IceCubeModelEncoderV1(
  (encoder): ContinuousTransformerWrapper(
    (pos_emb): AbsolutePositionalEmbedding(
      (emb): Embedding(150, 128)
    )
    (post_emb_norm): Identity()
    (emb_dropout): Dropout(p=0.0, inplace=False)
    (project_in): Linear(in_features=6, out_features=128, bias=True)
    (attn_layers): Encoder(
      (layers): ModuleList(
        (0): ModuleList(
          (0): ModuleList(
            (0): LayerNorm((128,), eps=1e-05, elementwise_affine=True)
            (1): None
            (2): None
          )
          (1): Attention(
            (to_q): Linear(in_features=128, out_features=512, bias=False)
            (to_k): Linear(in_features=128, out_features=512, bias=False)
            (to_v): Linear(in_features=128, out_features=512, bias=False)
            (dropout): Dropout(p=0.0, inplace=False)

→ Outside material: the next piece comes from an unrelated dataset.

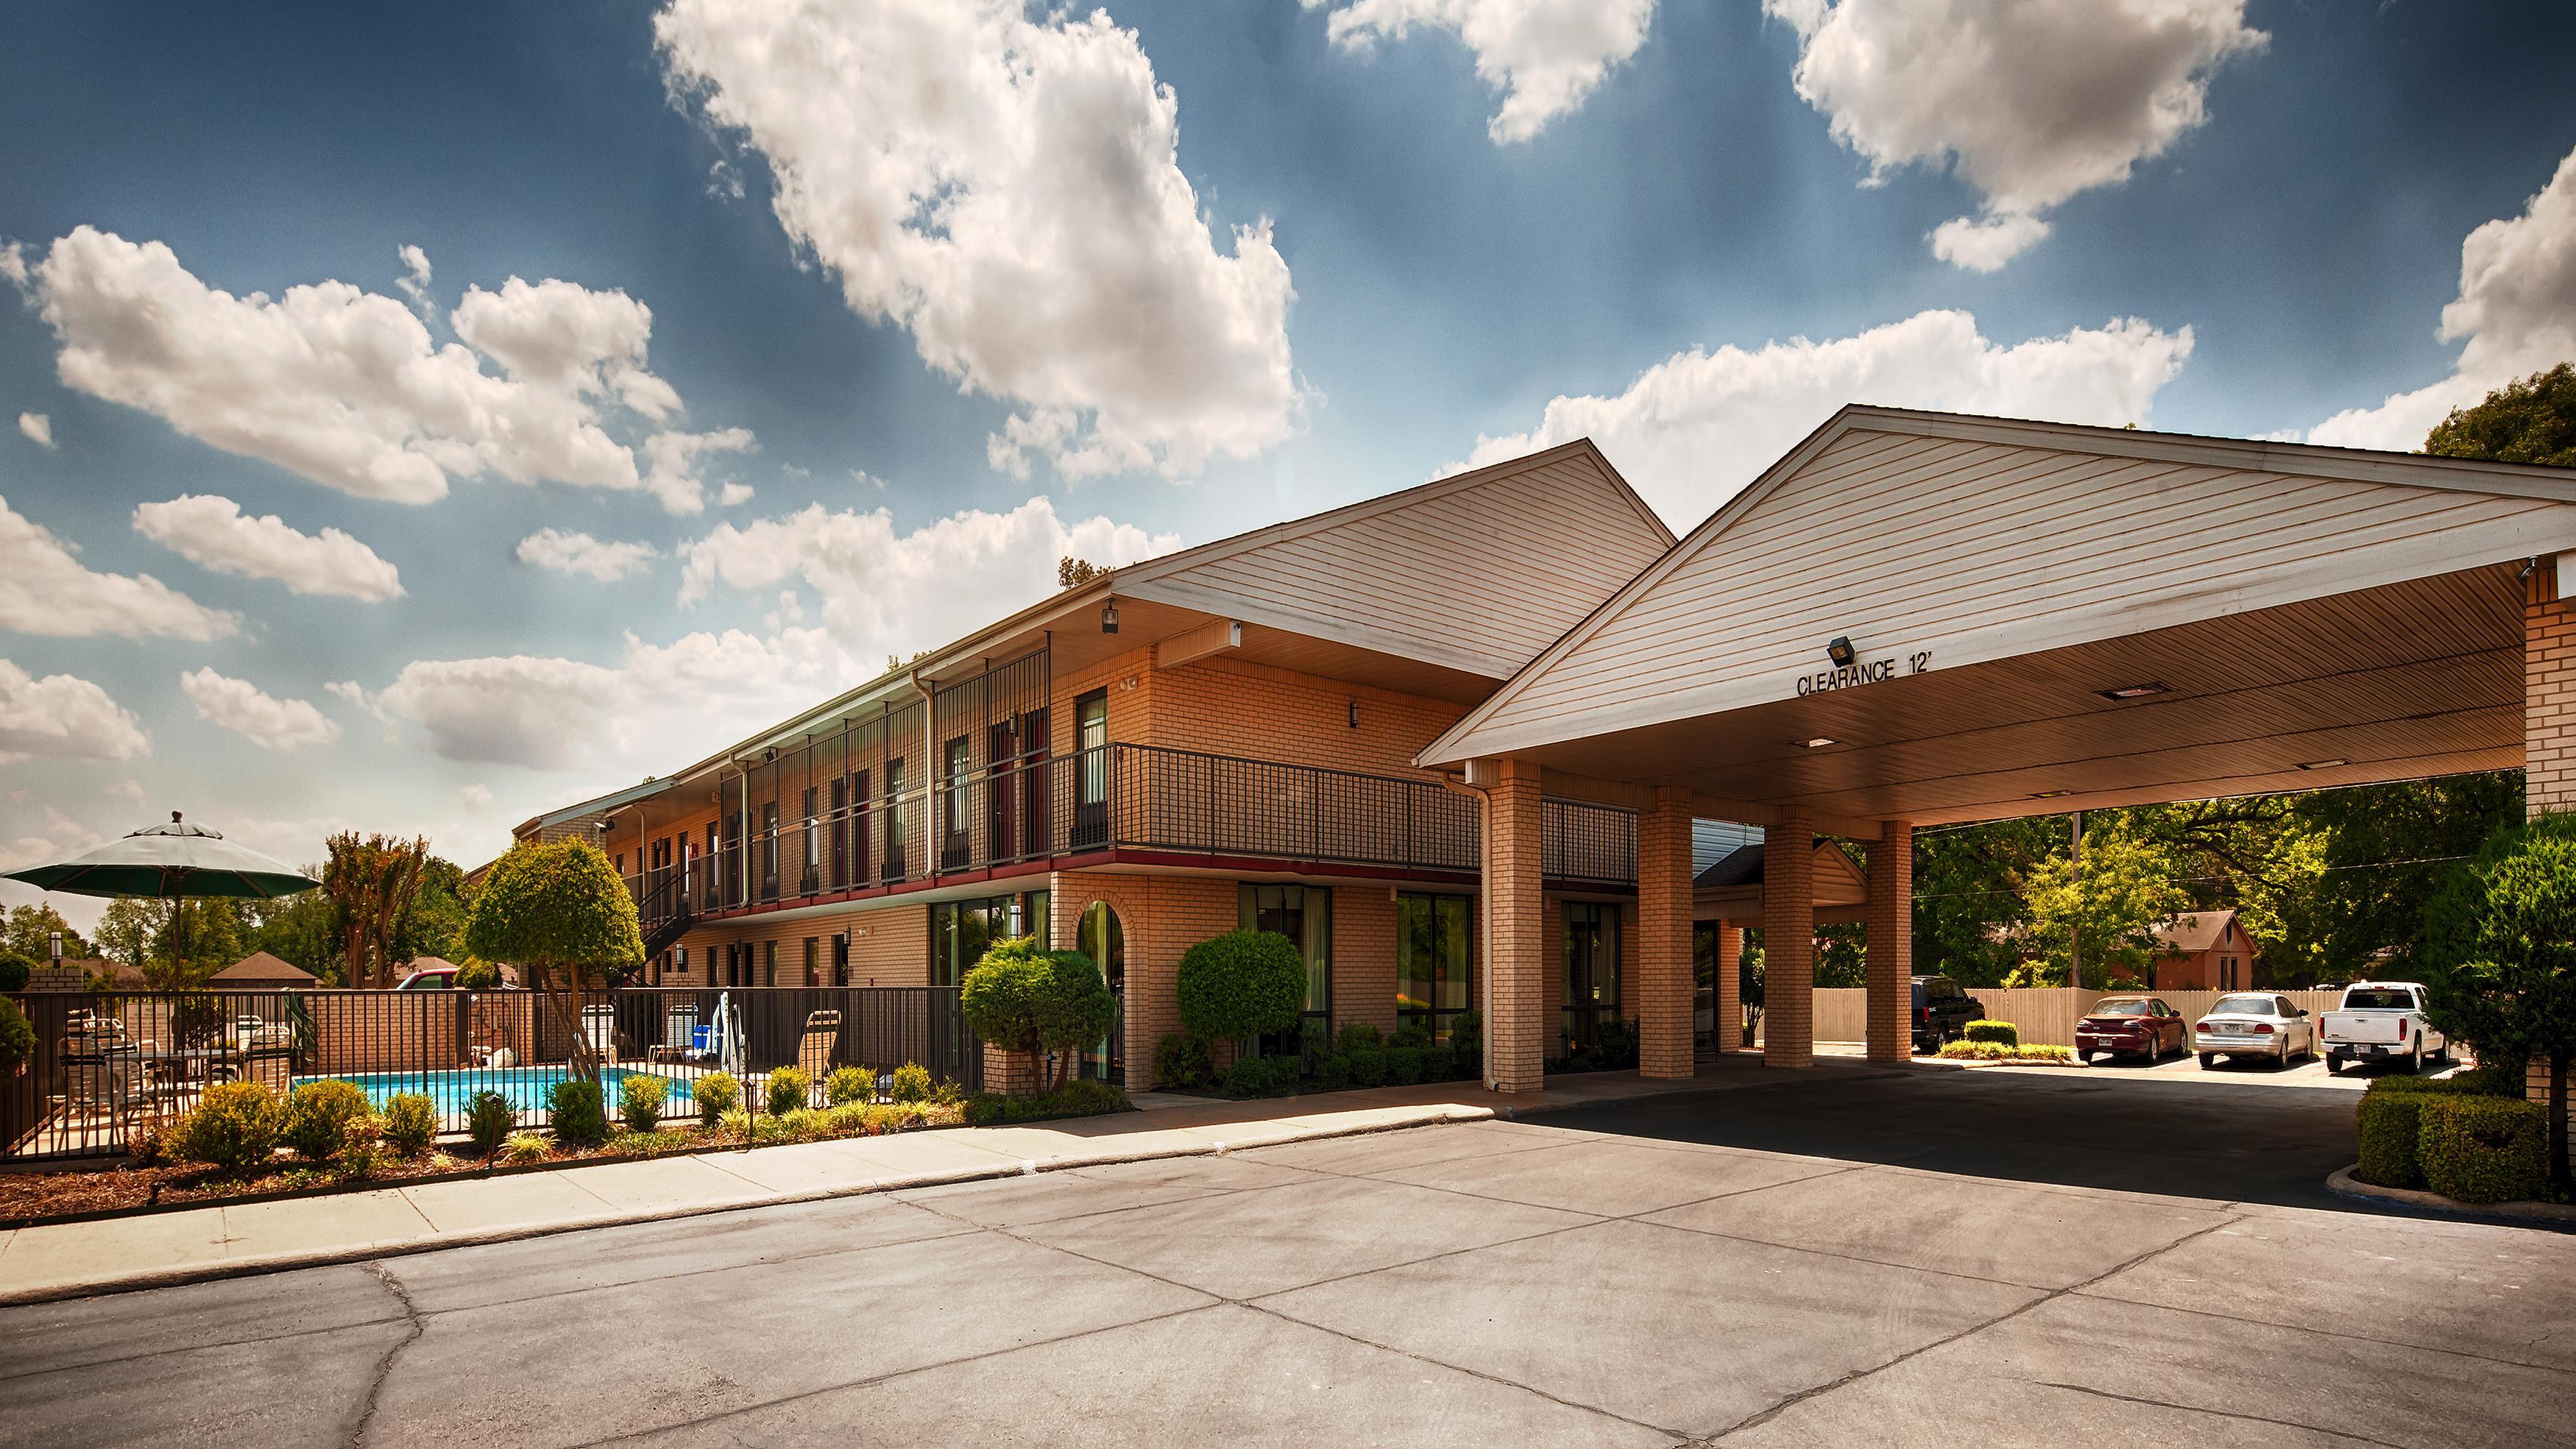 Best Western Inn, West Helena AR
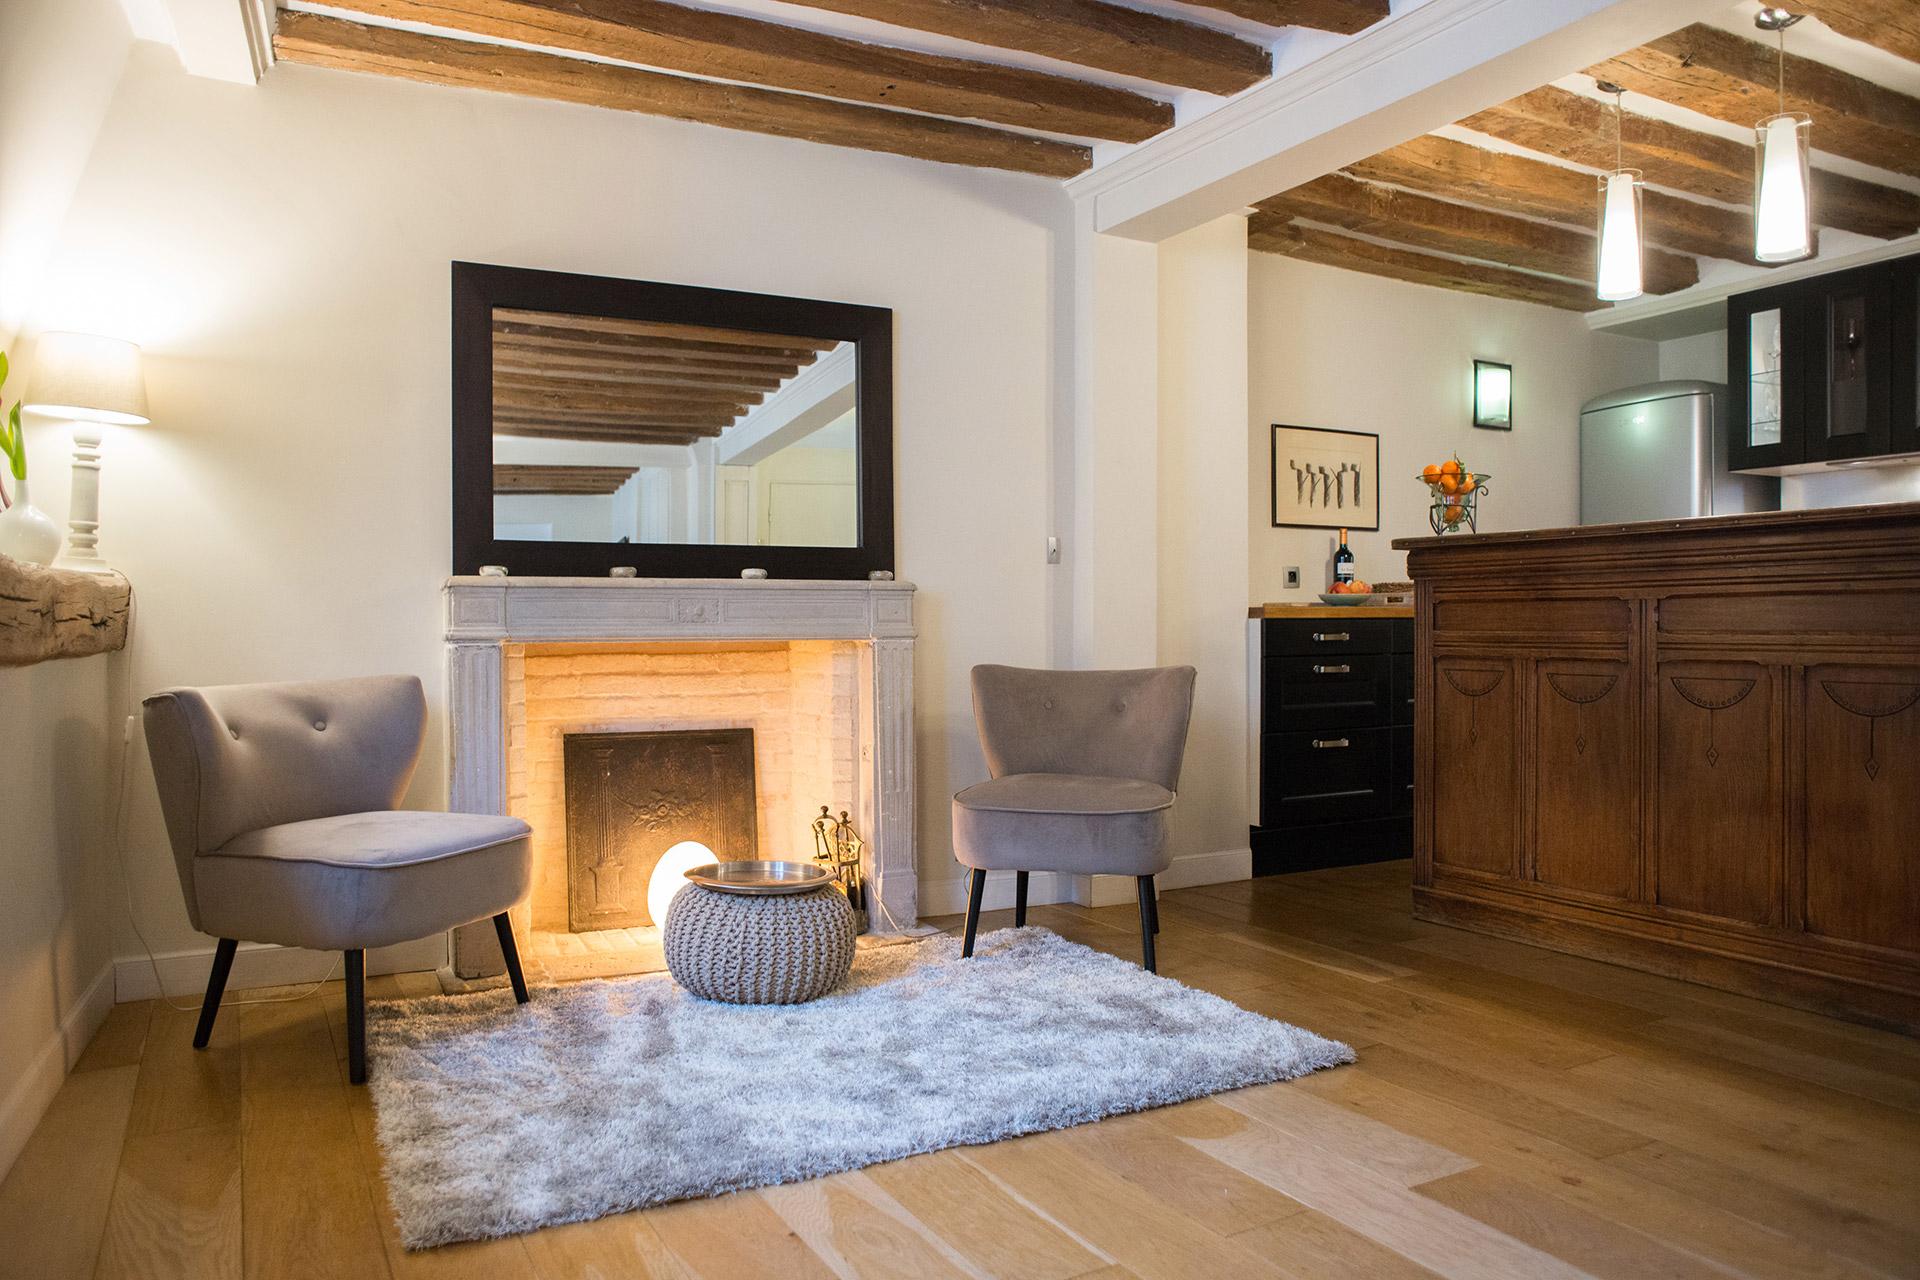 2 Bed 5 Bath Paris Vacation Rental In The 4th Arrondist

            (to_out): Linear(in_features=512, out_features=128, bias=False)
          )
          (2): Residual()
        )
        (1): ModuleList(
          (0): M

In [4]:
# x = torch.rand(1, 1024, 6)
# mask = torch.ones(1, 1024, dtype=torch.bool)
# y = model(x, mask = mask)

In [5]:
#|hide
#|eval: false
from nbdev.doclinks import nbdev_export
nbdev_export()